Keyl Philipp, Bockmayr Michael, Heim Daniel, Dernbach Gabriel, Montavon Grégoire, Müller Klaus-Robert, Klauschen Frederick
Institute of Pathology, Charité - Universitätsmedizin Berlin, Corporate Member of Freie Universität Berlin and Humboldt-Universität Berlin, Charitéplatz 1, 10117, Berlin, Germany.
Department of Pediatric Hematology and Oncology, University Medical Center Hamburg-Eppendorf, Martinistr. 52, 20246, Hamburg, Germany.
NPJ Precis Oncol. 2022 Jun 7;6(1):35. doi: 10.1038/s41698-022-00278-4.

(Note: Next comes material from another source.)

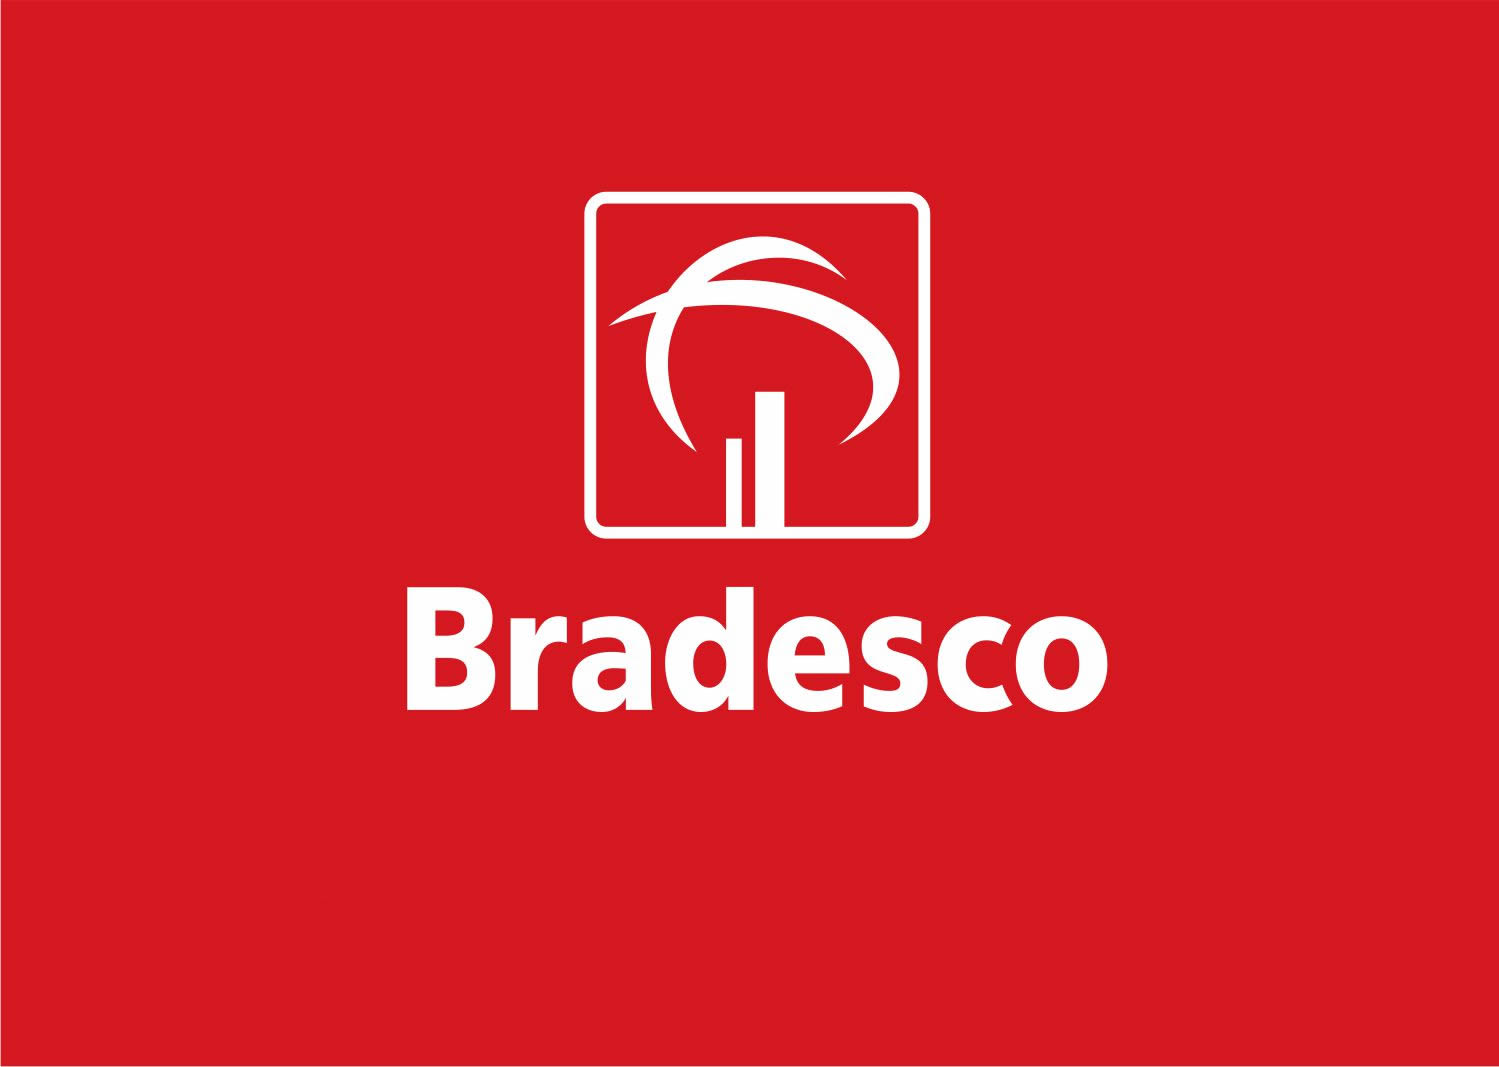 ProgramaJovemAprendiz Bradesco 2018

Understanding the pathological properties of dysregulated protein networks in individual patients' tumors is the basis for precision therapy. Functional experiments are commonly used, but cover only parts of the oncogenic signaling networks, whereas methods that reconstruct networks from omics data usually only predict average network features across tumors. Here, we show that the explainable AI method layer-wise relevance propagation (LRP) can infer protein interaction networks for individual patients from proteomic profiling data. LRP reconstructs average and individual interaction networks with an AUC of 0.99 and 0.93, respectively, and outperforms state-of-the-art network prediction methods for individual tumors. Using data from The Cancer Proteome Atlas, we identify known and potentially novel oncogenic network features, among which some are cancer-type specific and show only minor variation among patients, while others are present across certain tumor types but differ among individual patients. Our approach may therefore support predictive diagnostics in precision oncology by inferring "patient-level" oncogenic mechanisms.
了解个体患者肿瘤中失调蛋白质网络的病理特性是精准治疗的基础。功能实验虽常用,但仅涵盖部分致癌信号网络,而从组学数据重建网络的方法通常仅预测肿瘤间的平均网络特征。在此,我们表明可解释人工智能方法逐层相关性传播(LRP)能够从蛋白质组分析数据推断个体患者的蛋白质相互作用网络。LRP分别以0.99和0.93的曲线下面积(AUC)重建平均和个体相互作用网络,并且在个体肿瘤的网络预测方面优于现有最先进的方法。利用来自癌症蛋白质组图谱的数据,我们识别出已知的和潜在的新型致癌网络特征,其中一些是癌症类型特异性的,在患者间仅表现出微小差异,而另一些则存在于特定肿瘤类型中,但在个体患者间有所不同。因此,我们的方法可通过推断“患者水平”的致癌机制来支持精准肿瘤学中的预测性诊断。